A corporation's Articles of Incorporation generally provide information such as:
  • The corporation's name, which has to be unique from any other corporation in that jurisdiction. As part of the corporation's name, certain words such as "incorporated", "limited", "corporation", (or their abbreviations) or some equivalent term in countries whose language is not English, are usually required as part of the name as a "flag" to indicate to persons doing business with the organization that it is a corporation (with limited liability) as opposed to an individual or partnership (with unlimited liability). In some cases, certain types of names are prohibited except by special permission, such as words implying the corporation is a government agency or has powers to act in ways it is not otherwise allowed.
  • The name of the person(s) organizing the corporation (the Incorporator).
  • Whether the corporation is a stock corporation or a non-stock corporation.
  • Whether the corporation's existence is permanent or limited for a specific period of time. Generally the rule is that a corporation existence is forever, or until (1) it stops paying the yearly corporate renewal fees or otherwise fails to do something required to continue its existence such as file certain paperwork each year; or (2) it files a request to "wind up and dissolve."
  • In some cases, a corporation must state the purposes for which it is formed.
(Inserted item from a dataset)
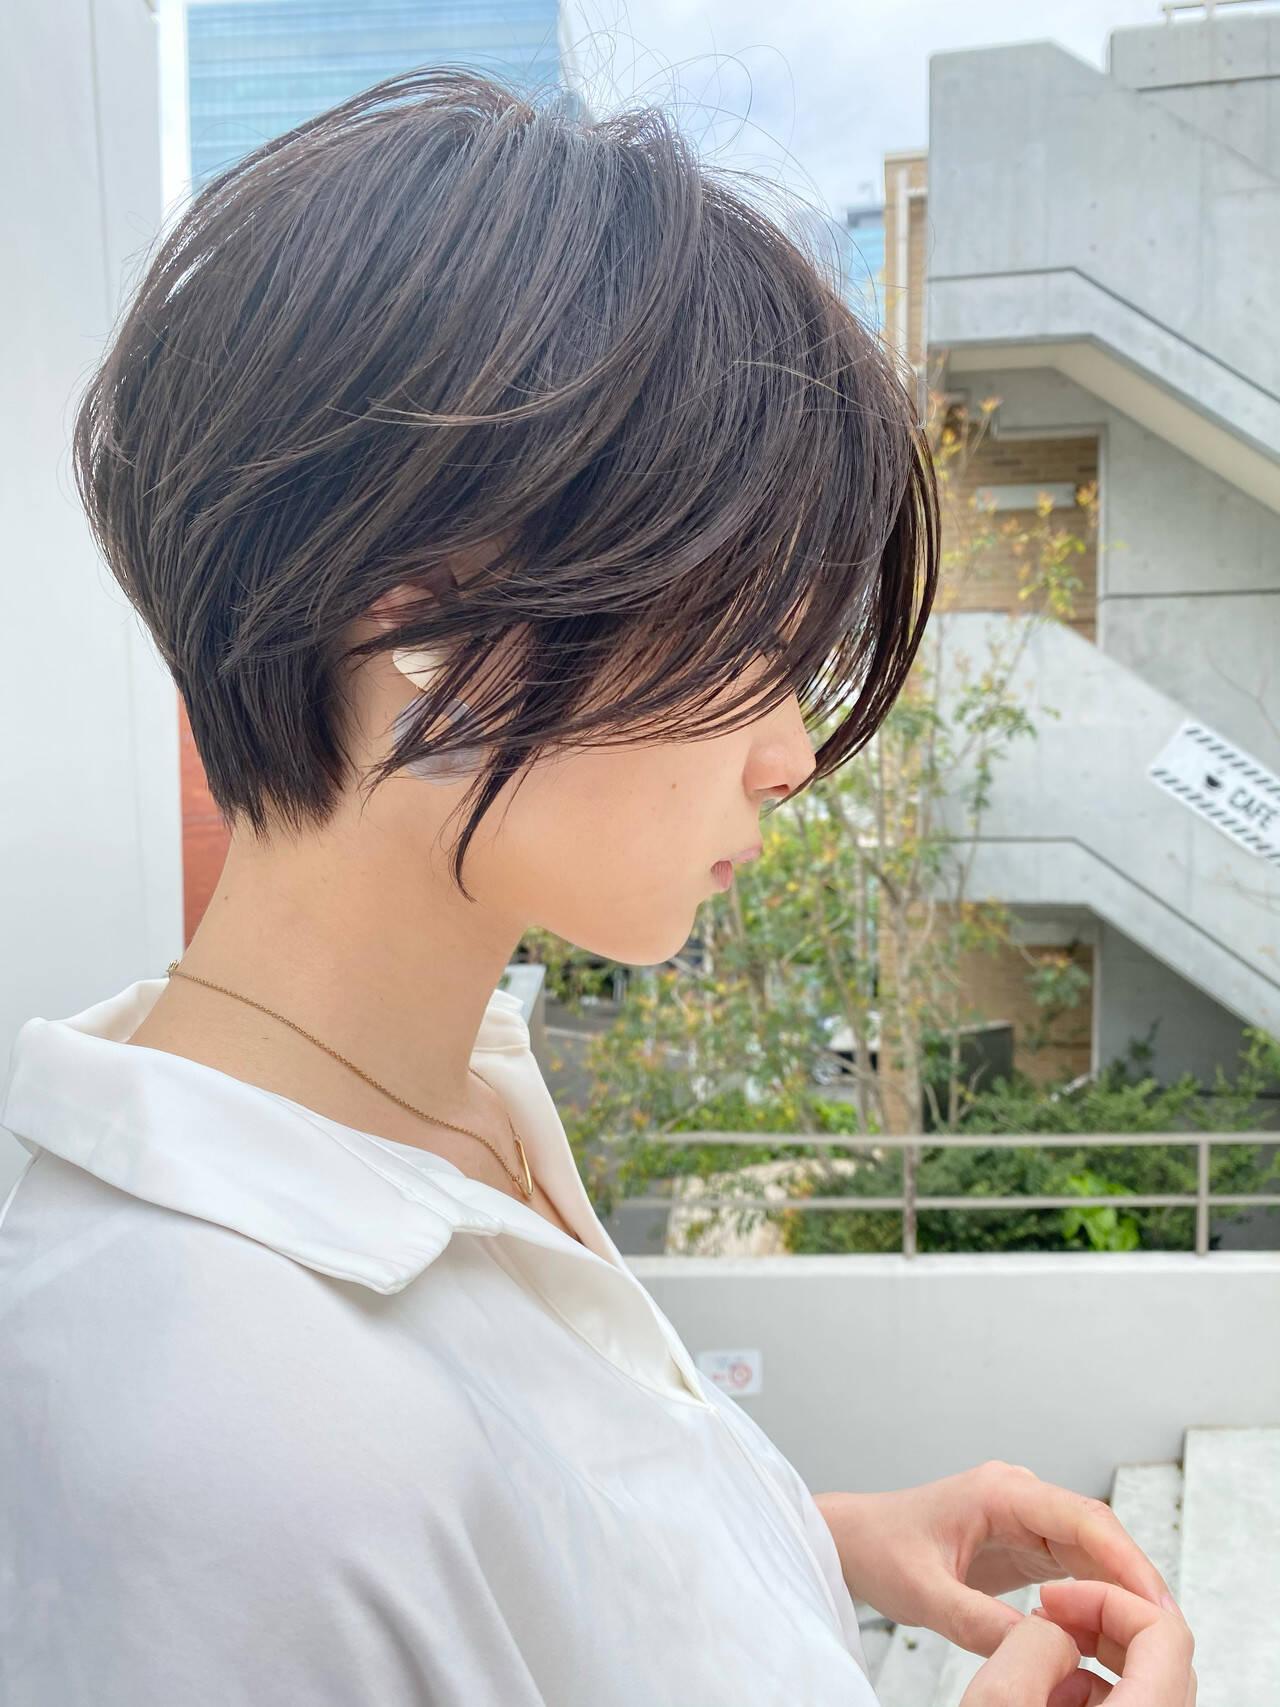 ショートヘア マッシュショート ナチュラル ショートボブヘアスタイルや髪型の写真・画像

Some jurisdictions permit a general statement such as "any lawful purpose" but some require explicit specifications.
  • If a non-stock corporation, whether it is for profit or non-profit. However, some jurisdictions differentiate by "for profit" or "non profit" and some by "stock or non-stock".
  • In the United States, if a corporation is to be organized as a non-profit, to be recognized as such by the Internal Revenue Service, such as for eligibility for tax exemption, certain specific wording must be included stating no part of the assets of the corporation are to benefit the members.
  • If a stock corporation, the number of shares the corporation is authorized to issue, or the maximum amount in a specific currency of stock that may be issued, e.g. a maximum of $25,000.
  • The number and names of the corporation's initial Board of Directors (though this is optional in most cases).
  • The initial director(s) of the corporation (in some cases the incorporator or the registered agent must be a director, if not an attorney or another corporation).
  • The location of the corporation's "registered office" - the location at which legal papers can be served to the corporation if necessary. Some states further require the designation of a Registered Agent: a person to whom such papers could be delivered.
Most states permit a corporation to be formed by one person; in some cases (such as non-profit corporations) it may require three or five or more. This change has come about as a result of Delaware liberalizing its corporation rules to allow corporations to be formed by one person, and states not wanting to lose corporate charters to Delaware had to revise their rules as a result.

Articles of Incorporation vary widely from corporation to corporation, and from jurisdiction to jurisdiction, but generally do not go into great detail about a corporation's operations, which are spelled out in more detail in a company's By-Laws.